Finally, we will consider the variety and strength
of the authentication mechanisms each directory
can support.
Hosting from a Securable Platform
Much can be said of the poor track record Windows
has earned with respect to security. Basing a
high-end directory deployment on Windows is
a risky endeavor, because a directory relies on
the operating system as its first line of defense
against attackers. Since Active Directory runs
only on Windows, the Windows platform largely
determines Active Directory’s securability.
Compromised security on a Windows server may
mean exposure of very confidential data.
Novell eDirectory allows flexibility as to where
the directory can run based on expertise in an
organization and the inherent securability each
platform provides. With eDirectory, you can choose
any platform that meets the security needs of the
organization—Linux, UNIX, NetWare or Windows.
Access Control Model
Access control, or authorization, deals with who
can do what action to which other objects. This is
usually determined by what rights (or privileges)
a security principal has to the resource being
accessed. A security principal is any entity to
which rights can be granted. A security principal
is most commonly a user or a group of users, but it
can also be other object types, such as printers,
services or applications. Rights are the rules
stating what can or cannot be done to a resource
represented in the directory. How security
principals and rights are administered and
enforced comprises the access control model
(or authorization model).
Novell designed eDirectory to have a
highly flexible internal access control model.

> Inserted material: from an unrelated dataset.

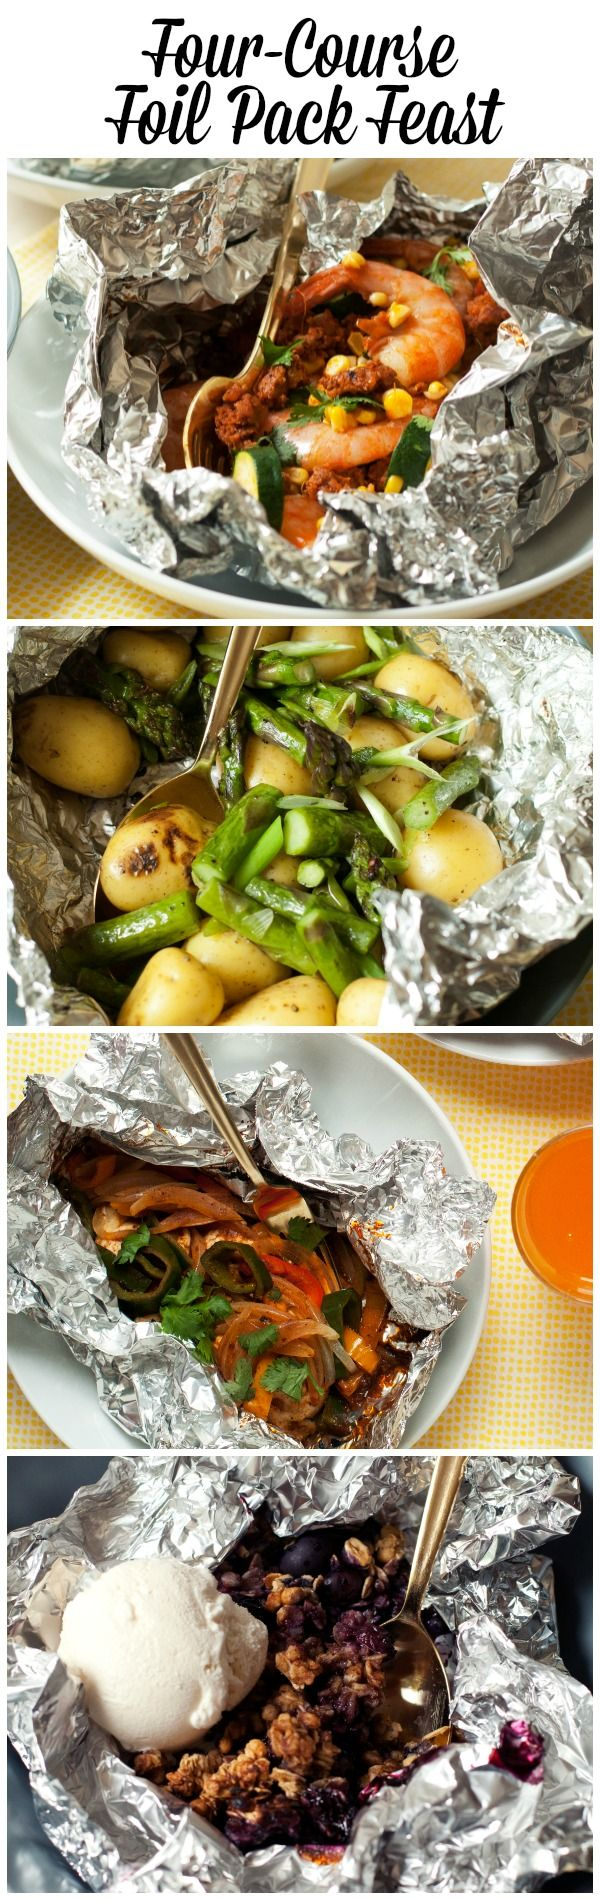 Paquetes de comida envueltos en papel aluminio para cocinar sobre brasas/al carbón

Three notable components of the model are,
first, that any object can access other objects as
a security principal; second, that access to every
object is secured by an access control list (ACL);
and third, that the directory hierarchy forms
Novell eDirectory vs. Microsoft Active Directory
18
the basis for dynamic rights inheritance. These
components allow eDirectory to easily manage
complex security relationships between objects.
When an identity in eDirectory attempts to
access another resource in the directory, that
identity’s access rights are dynamically calculated
and enforced. Appropriate access is derived from
rights assigned directly to the identity for the
resource being accessed; from rights assigned to
the identity’s security equivalences (which include
groups and other assignments); and from rights
assigned to a container in which the resource
resides (rights inheritance).
Rights inheritance is a powerful capability
for a directory to provide. It both simplifies the
assignment of rights and prevents from bloating
the directory with redundant data written to
multiple objects’ access control lists. Among the
many patents for innovations established in the
eDirectory access control model, rights inheritance
is recognized as one of the major capabilities that
makes Novell eDirectory unique.
The security model for Active Directory is
derived from that of the Windows file system.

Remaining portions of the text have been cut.